James Pollard reports for the Texas Tribune under the headline, "Black Texas farmers were finally on track to get federal aid. The state’s agriculture commissioner is helping stop that." The subhead is, "Sid Miller is challenging a debt relief program that the U.S. Department of Agriculture saw as a way to correct historic discrimination. An advocate for Black Texas farmers says the challenge “pushes us back even further.”
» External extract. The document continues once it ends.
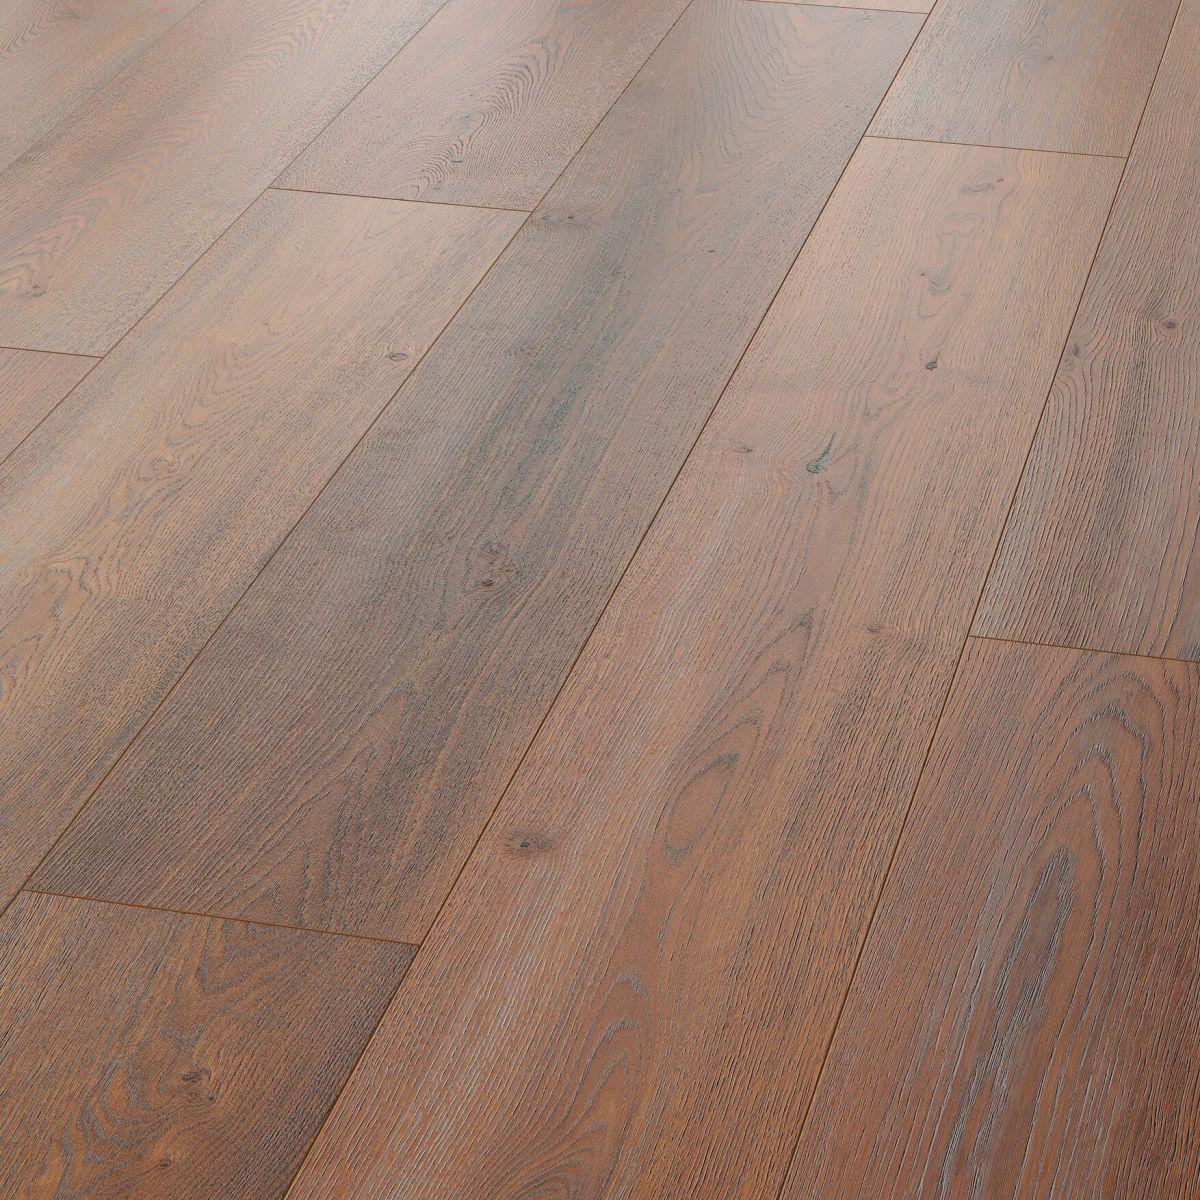 Avatara vloer hout N07 diagonaal
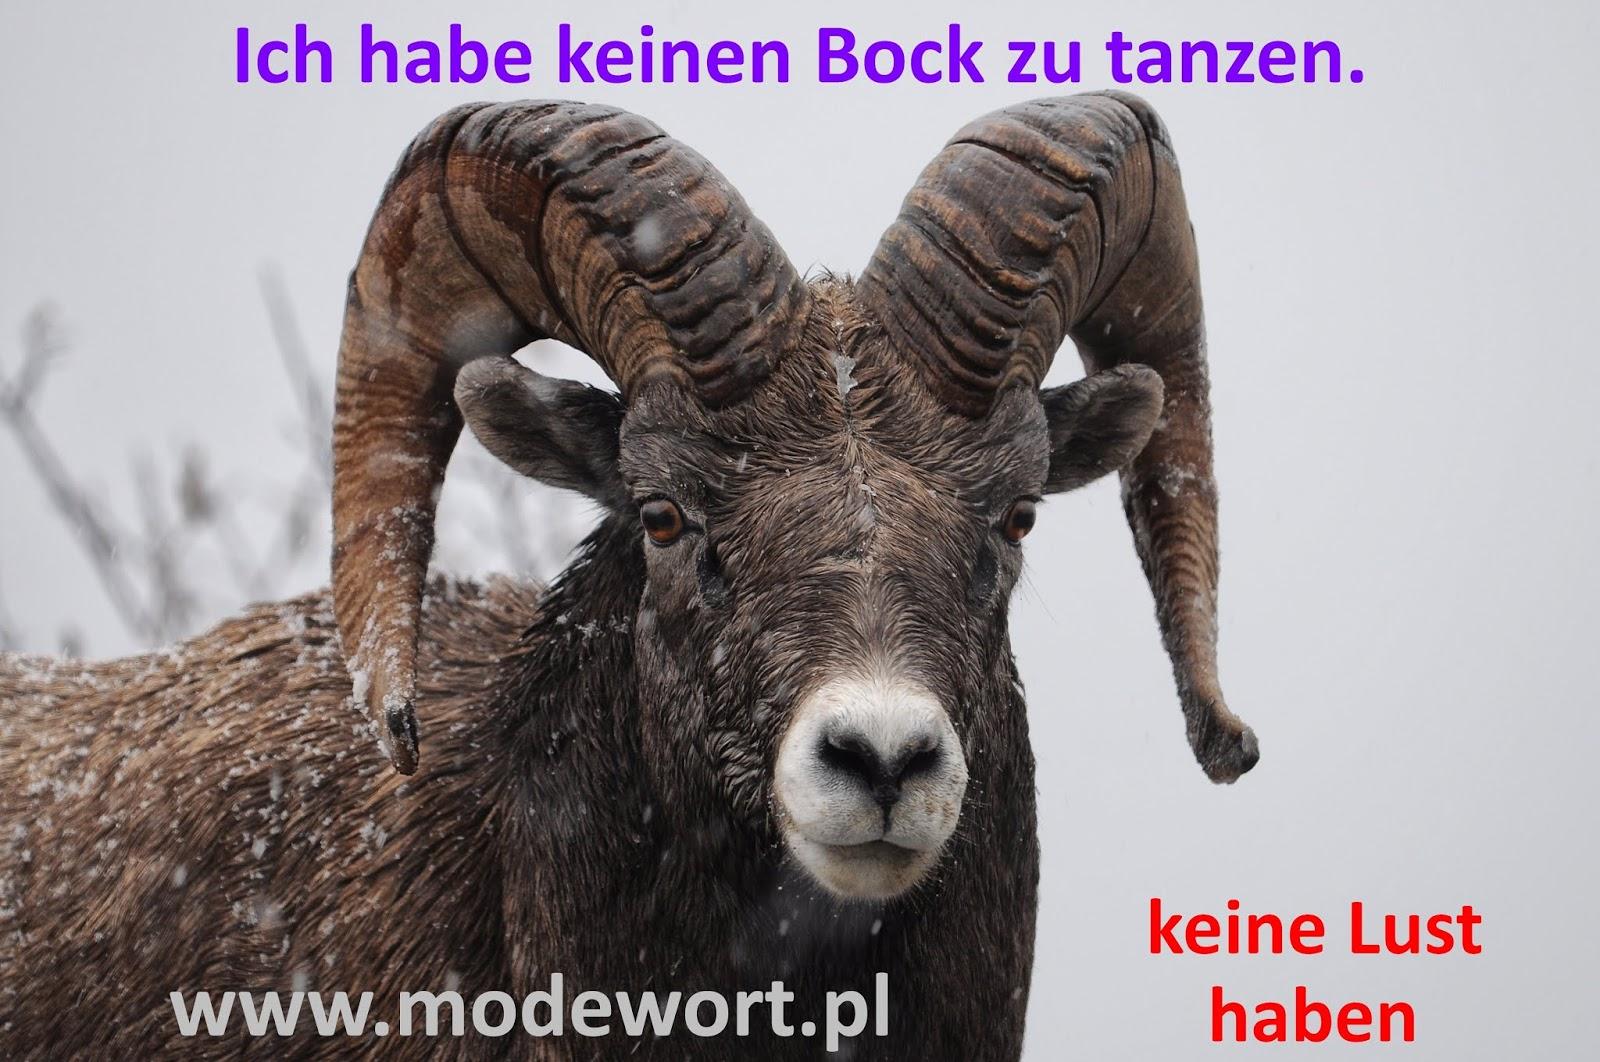 Modewort Jniemiecki Deutsch Als Fremdsprache Bild 1 Keinen Bock

Here's an excerpt that further sums up what's happening under the Republican agriculture commissioner:
Last March, Congress passed a sweeping debt relief program for farmers of color. The culmination of 20 years of advocacy, the law would have provided $4 billion worth of debt relief for loans many of them had taken on to stay afloat while being passed over for financial programs and assistance their white counterparts had an easier time obtaining. Black farmers made up about a quarter of those targeted in the bill.
As agriculture commissioner, Miller leads an agency tasked with “advocat[ing] for policies at the federal, state, and local level” beneficial to Texas’s agriculture sector and “provid[ing] financial assistance to farmers and ranchers,” among other duties. In a statement to The Texas Tribune, Miller called the debt relief program “facially illegal and constitutionally impermissible.”
“Such a course will lead only to disunity and discord,” Miller said. “Shame on the Biden Administration for authorizing a program it knows was unambiguously illegal, instead of enacting a proper relief bill that complies with the laws and constitution of the United States.”
But advocates of the program saw it as an attempt to make Black farmers whole after years of USDA discrimination.
USDA press secretary Kate Waters told the Tribune that she couldn’t comment on ongoing litigation. She added the agency is establishing an equity commission of about 30 non-USDA employees to help identify how the USDA can eliminate structural barriers to various programs.
“There is a long history of racism at USDA. It’s a lot to unpack,” Waters said. “We’re on the case and we’re here to regain trust.”